╔══

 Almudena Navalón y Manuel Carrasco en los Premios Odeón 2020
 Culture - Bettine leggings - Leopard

╚══
╔══

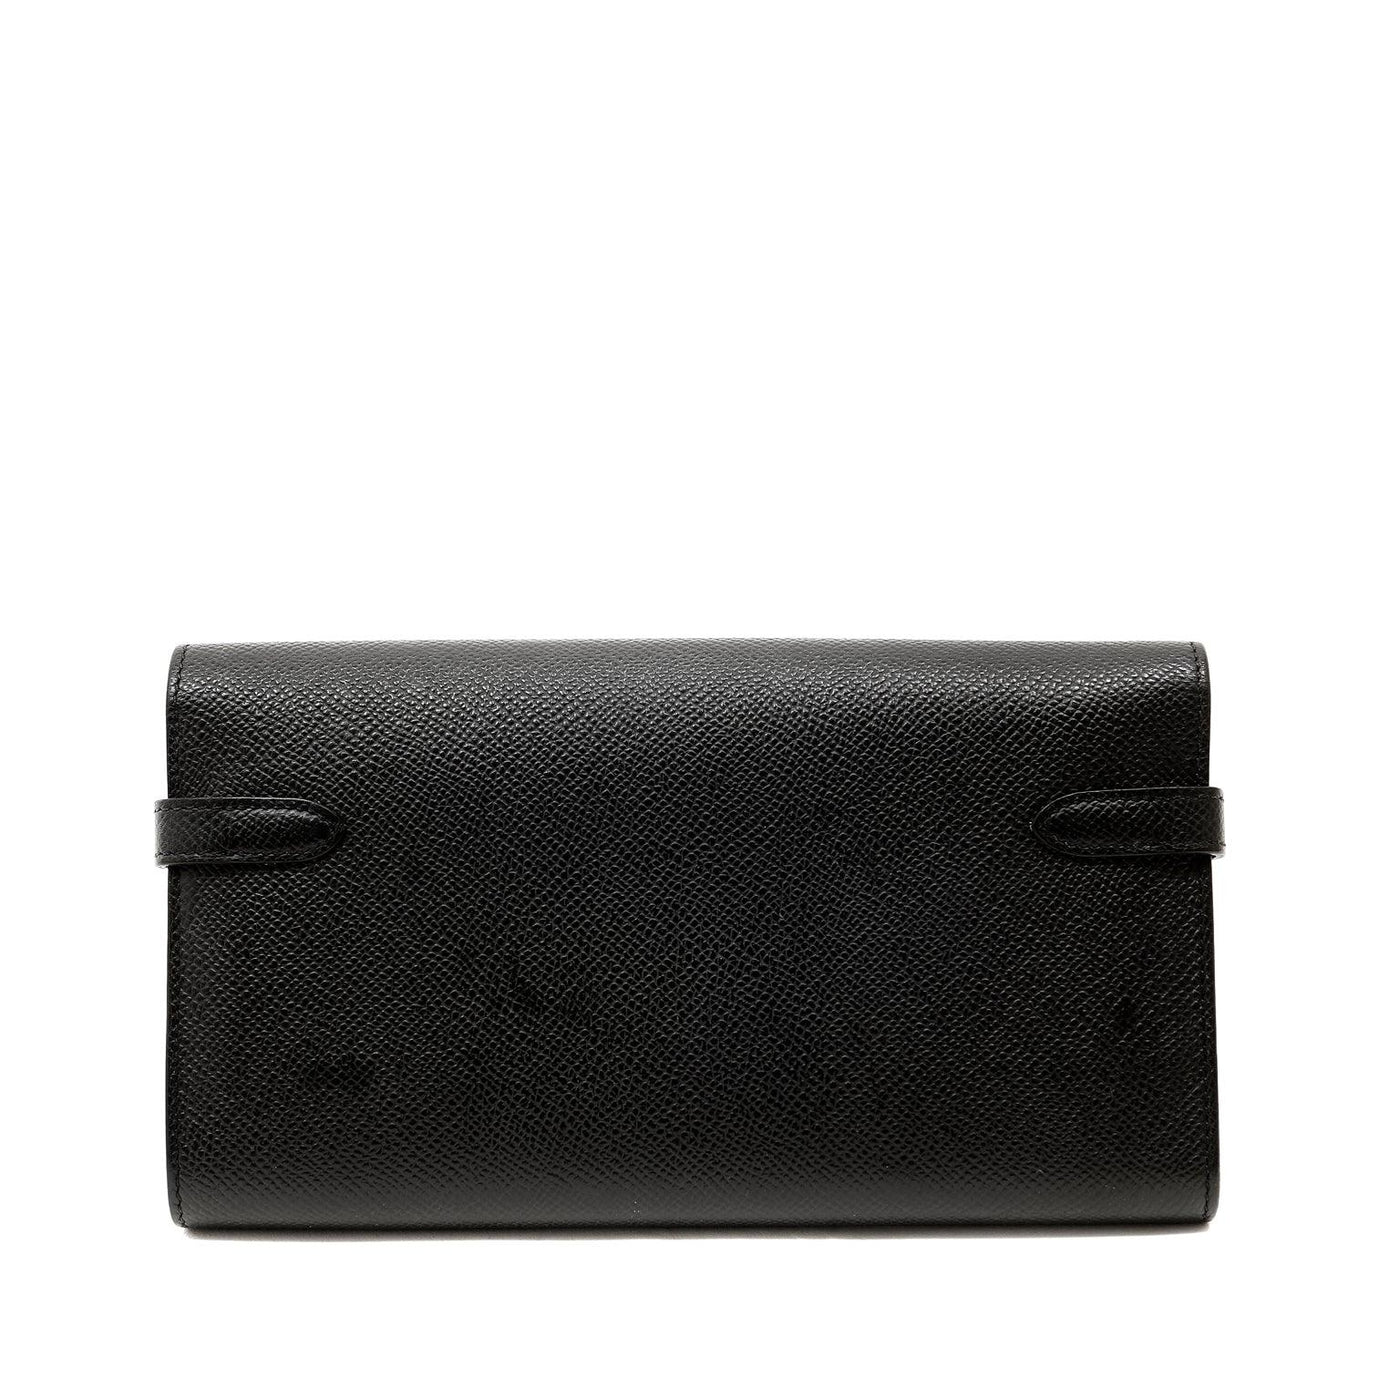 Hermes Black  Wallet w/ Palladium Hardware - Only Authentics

╚══
╔══

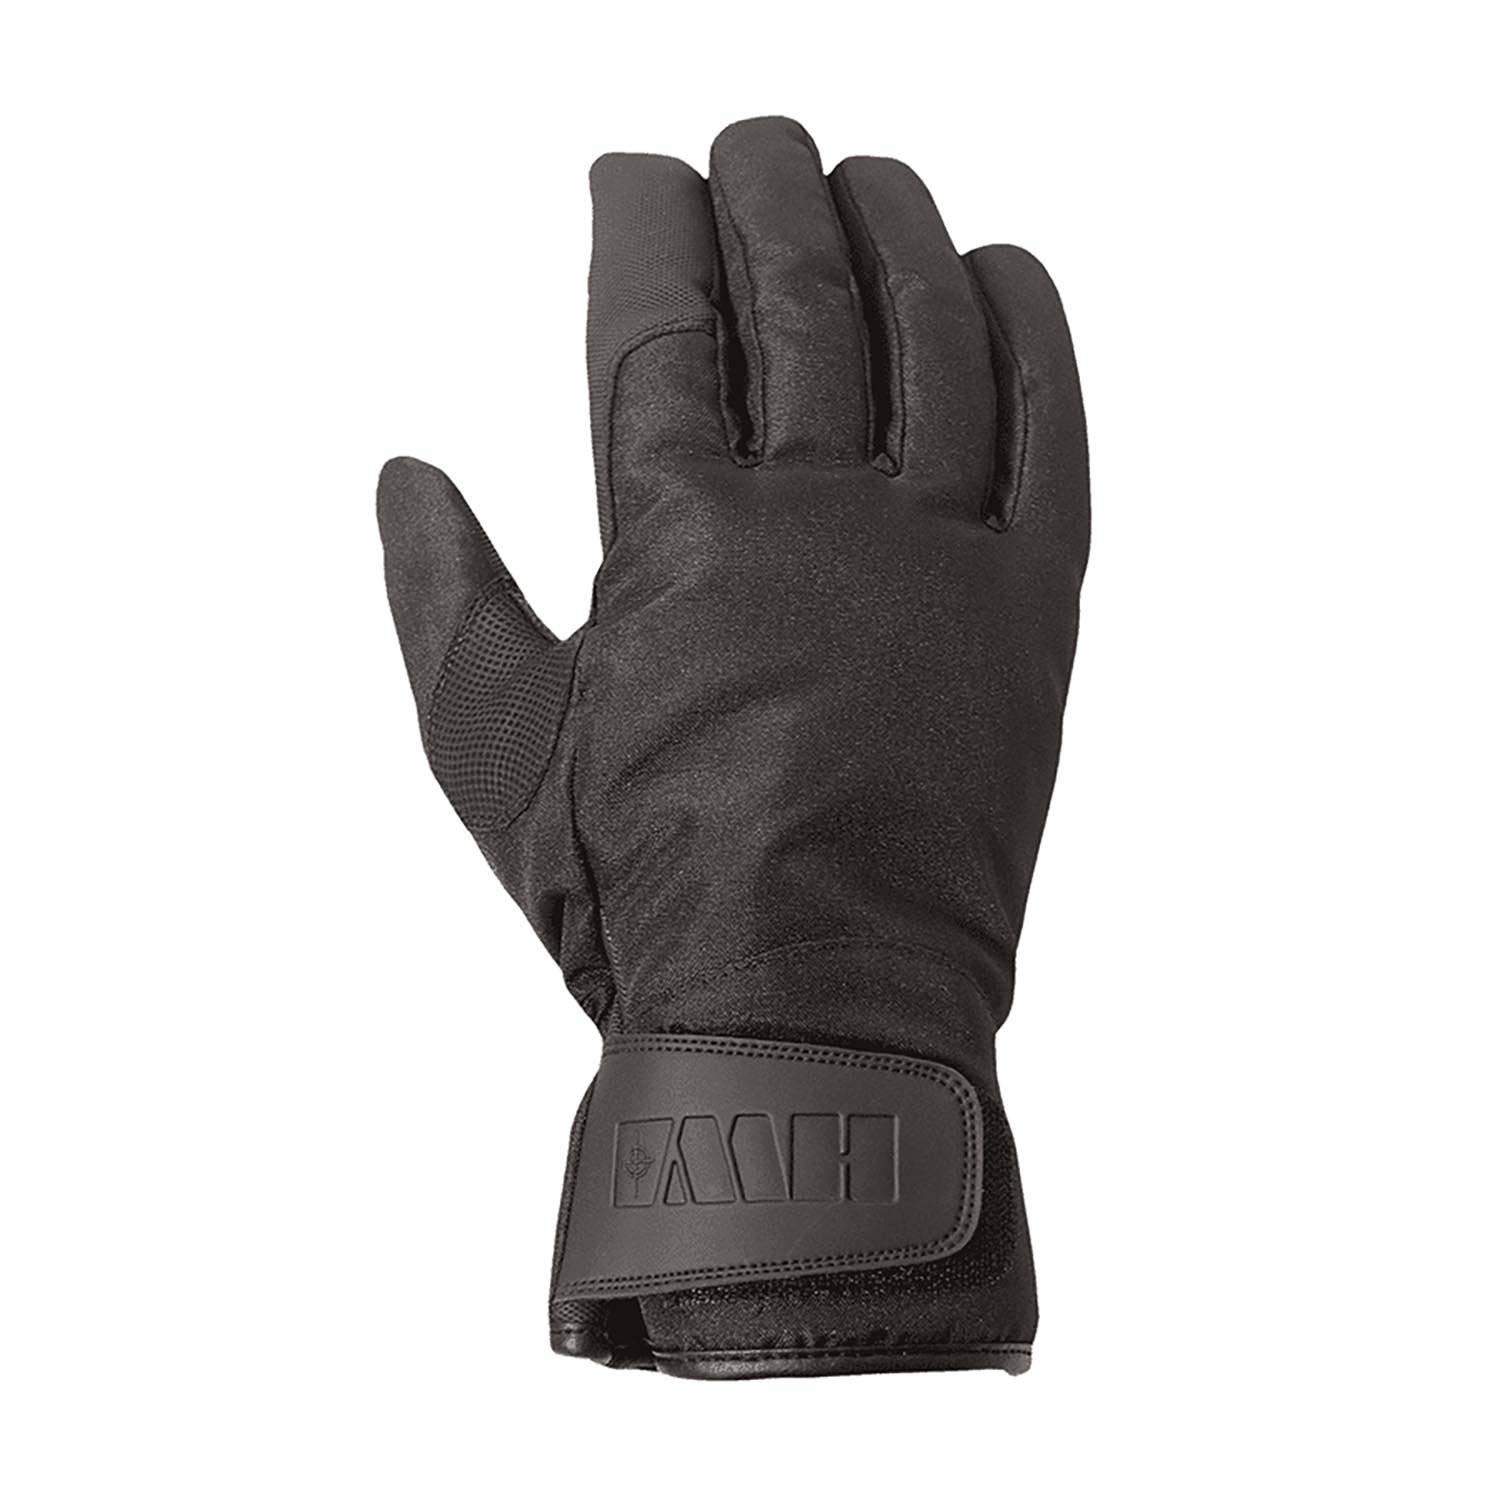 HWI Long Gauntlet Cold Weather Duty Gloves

╚══

> _Task requirements_
The lines above, starting at the one with "Almudena Navalón y" and ending at the one with "Culture - Bettine leggings - Leopard", are the only ones to return, exactly as written.

> _Task solution_
 Almudena Navalón y Manuel Carrasco en los Premios Odeón 2020
 Culture - Bettine leggings - Leopard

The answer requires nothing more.